The psychic abilities demonstrated by the four main Medusa teens – Nico, Ketty, Ed and Dylan – are those that people told Sophie they’d most like to have if they could! But, is there evidence of people really having these powers, and how has each been viewed through history? Sophie explains more here…
One of the best known psychic abilities, telekinesis, has never been scientifically proven. There appear to be two kinds of telekinesis; the sort caused by ghosts or spirits, such as poltergeists, and the sort that ordinary humans claim to be capable of.
Throughout history there have been many, often highly extravagant, claims of macroscopic telekinesis (that’s telekinesis you can observe with the naked eye). In the late 19th and early 20th century the Society for Psychical Research claimed to have observed all sorts of activities – from table tipping to levitation to playing musical instruments without contact.

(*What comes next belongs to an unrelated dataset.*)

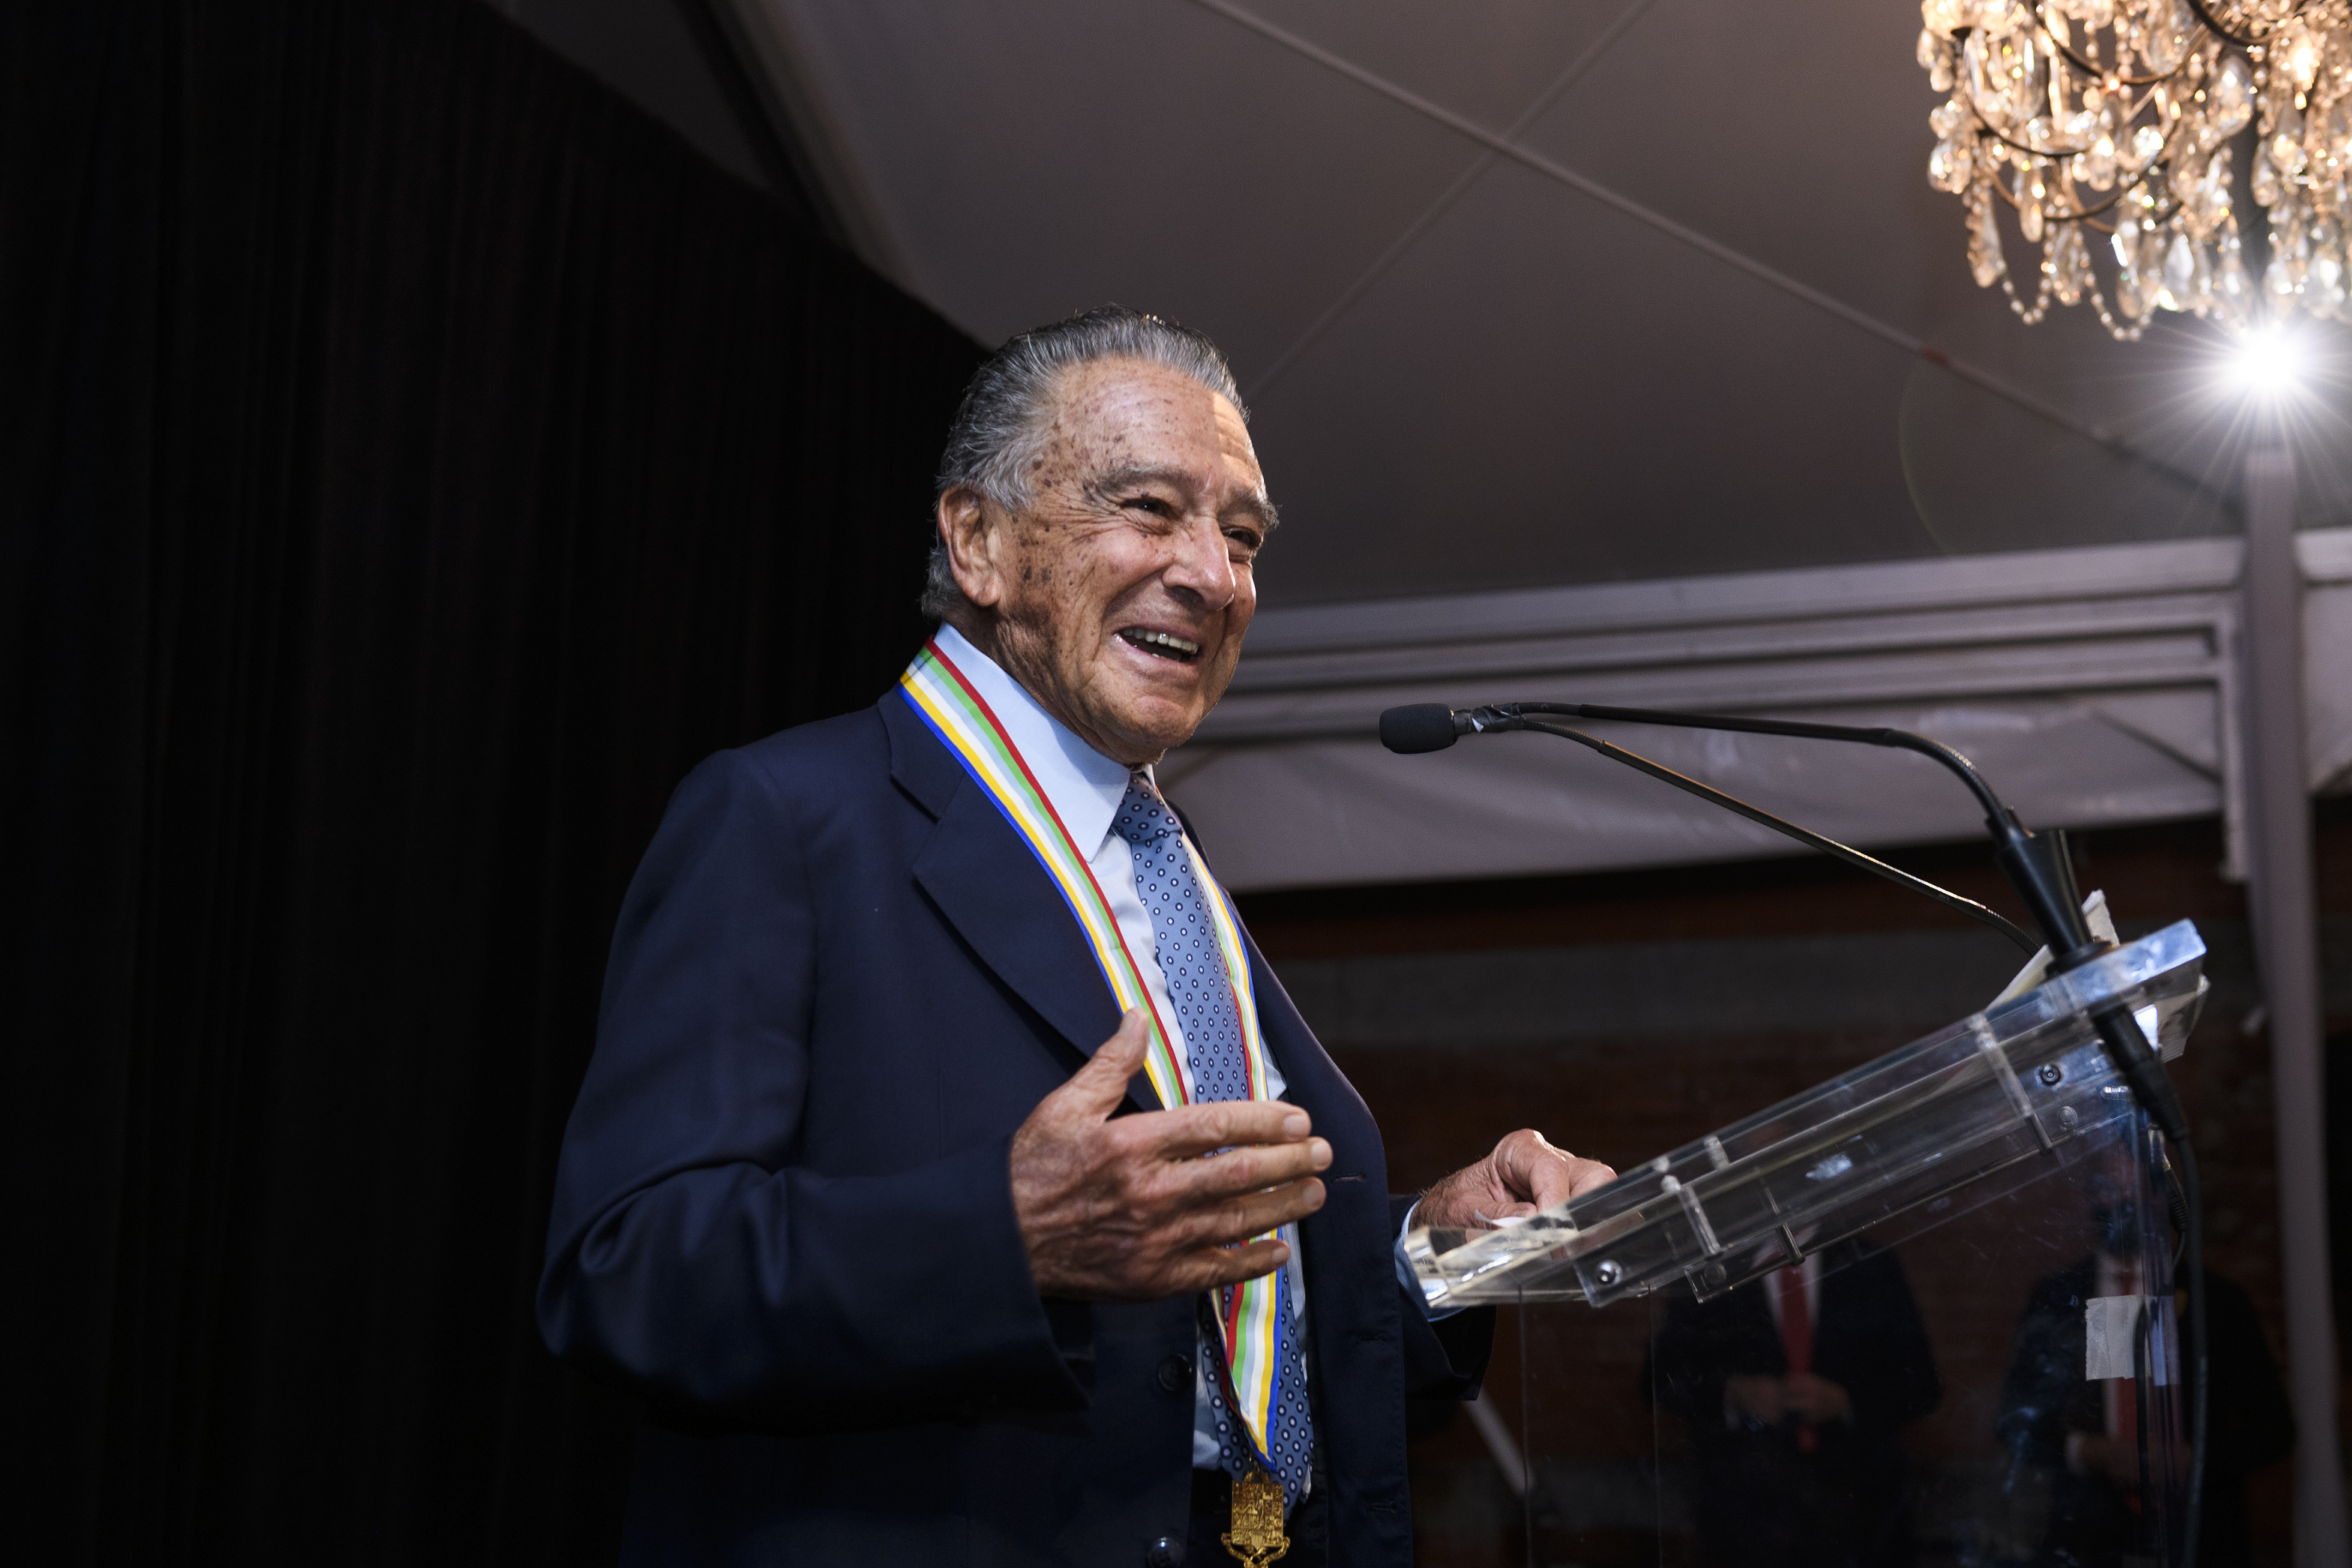 Eduardo Eurnekian, uno de los galardonados por la Americas Society en la noche de Nueva York, pronuncia su discurso de agradecimiento (Paula Abreu Pita/Roey Yohai Photography)

More modern telekinesis claims tend to focus on the bending of metal (such as Uri Geller’s forks and spoons) and the production of images on unexposed photographic film. One famous twentieth century psychic, a Russian woman called Kulagina, is typical. She claimed that, with sufficient preparation, she was able to move small objects such as a matchbox or a wine glass across a table without touching them.

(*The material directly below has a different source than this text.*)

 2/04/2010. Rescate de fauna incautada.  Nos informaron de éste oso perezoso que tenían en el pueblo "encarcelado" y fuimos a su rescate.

There are many examples of telekinesis claims on Youtube. Here a guy appears to move a glass, just like Kulagina claimed to be able to do years ago. See what you make of this…
Of all the Medusa powers, predicting the future is the psychic ability given most credence in our culture, even though it is obviously the hardest to physically demonstrate.
From ancient times to today, certain people have claimed to be able to foresee future events. 16th century physician Nostradamus is a famous example though, as with other ‘seers’, many argue that his predictions (written in the form of poetic quatrains) are so vague that they can be interpreted to predict any occurrence. This, of course, is also the charge levelled at lots of psychic prediction – from interpretations of tea leaves and tarot cards to crystal balls and astrology.
To me the most interesting question is: if someone can predict the future, does this mean they or others can change it? Is there one future mapped out for everyone which is unchangeable, or are there several alternative versions of the future… possibilities which may, or may not, come to pass?
Of all the psychic gifts in The Medusa Project, predicting the future is the one I would least like to have. Forseeing future events brings with it a terrible responsibility. If what I see is potentially beneficial, like knowing next weeks winning lottery numbers, do I take advantage of that knowledge? If what I see is destructive and upsetting, such as the hour of my best friend’s death, do I attempt to change it? What will be the consequences of my actions either way?
To a certain extent we all read each other’s minds everyday. Whether in the middle of an argument or a lighthearted chat, we’re looking for clues about what the other person is thinking and feeling. To me, this is the most interesting psychic ability, because while telepathy – the actual ability to ‘hear’ and ‘speak’ thoughts – is not scientifically proven, its cousins – empathy and intuition – are definitely part of our day-to-day lives.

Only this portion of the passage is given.